Hacker News new | ask | show | jobs
by lukewarm707 37 days ago
would be interesting to see some other labs:

- deepseek v4 pro

- glm 5.1

- kimi k2.6

- qwen 3.6 max

- xiaomi 2.5 pro

- minimax 2.7

- grok

1 comments

I agree!

So far we have been native harnessmaxxing, which simplifies things a lot.

The configuration space around open models is much larger. Eg which models, capability heterogeneity, which harness, networking, data egress / privacy, etc.

If anyone is getting very good production code out of open models, I'd love to do a user interview to better understand your setup.
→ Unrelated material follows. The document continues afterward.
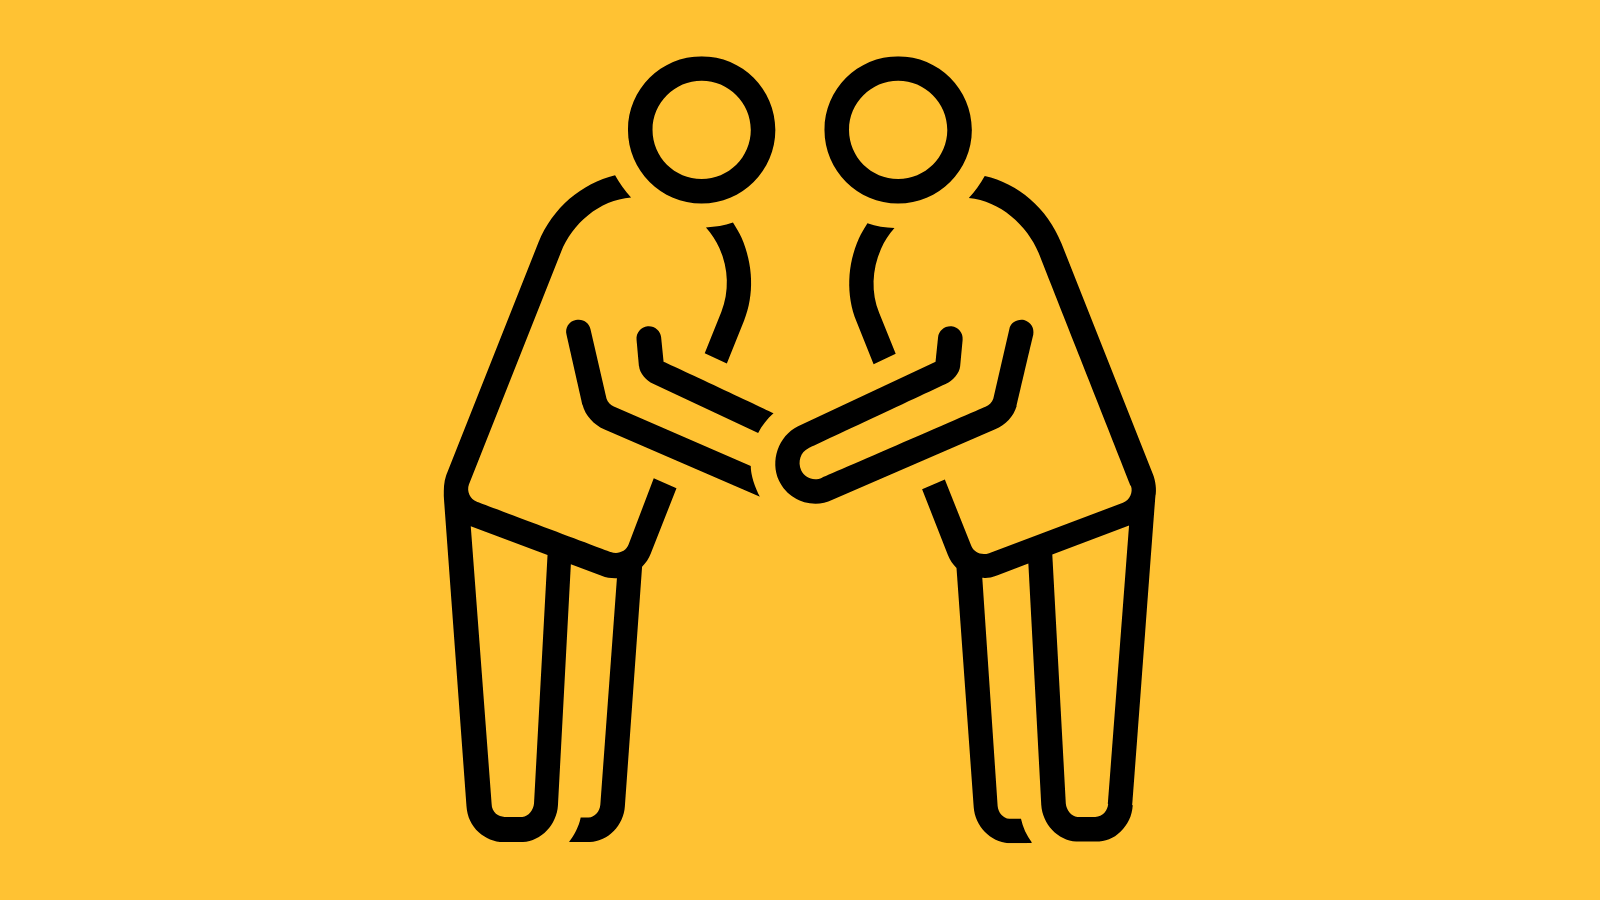 A minimalist graphic of two people shaking hands

Email is in my bio.

With how much vendor harnesses are now actively steering the agent with their own instructions on top of user prompts, I think it’d be super interesting to see a comparison of one of the already tested models - so Opus 4.7 or GPT-5.5 - across a range of different harnesses that aren’t their native. OpenCode, Pi, Hermes, Kilo Code. The most popular coding-focused harnesses, basically.
Agreed. Harness is really important. Especially since many labs are now post-training agents directly in their native harness.

(Which is why my prior is that third party harnesses would not perform as well. But I haven't actually measured this.)

OpenCode seems to give me better results than codex-cli, i’d be interested in seeing this too!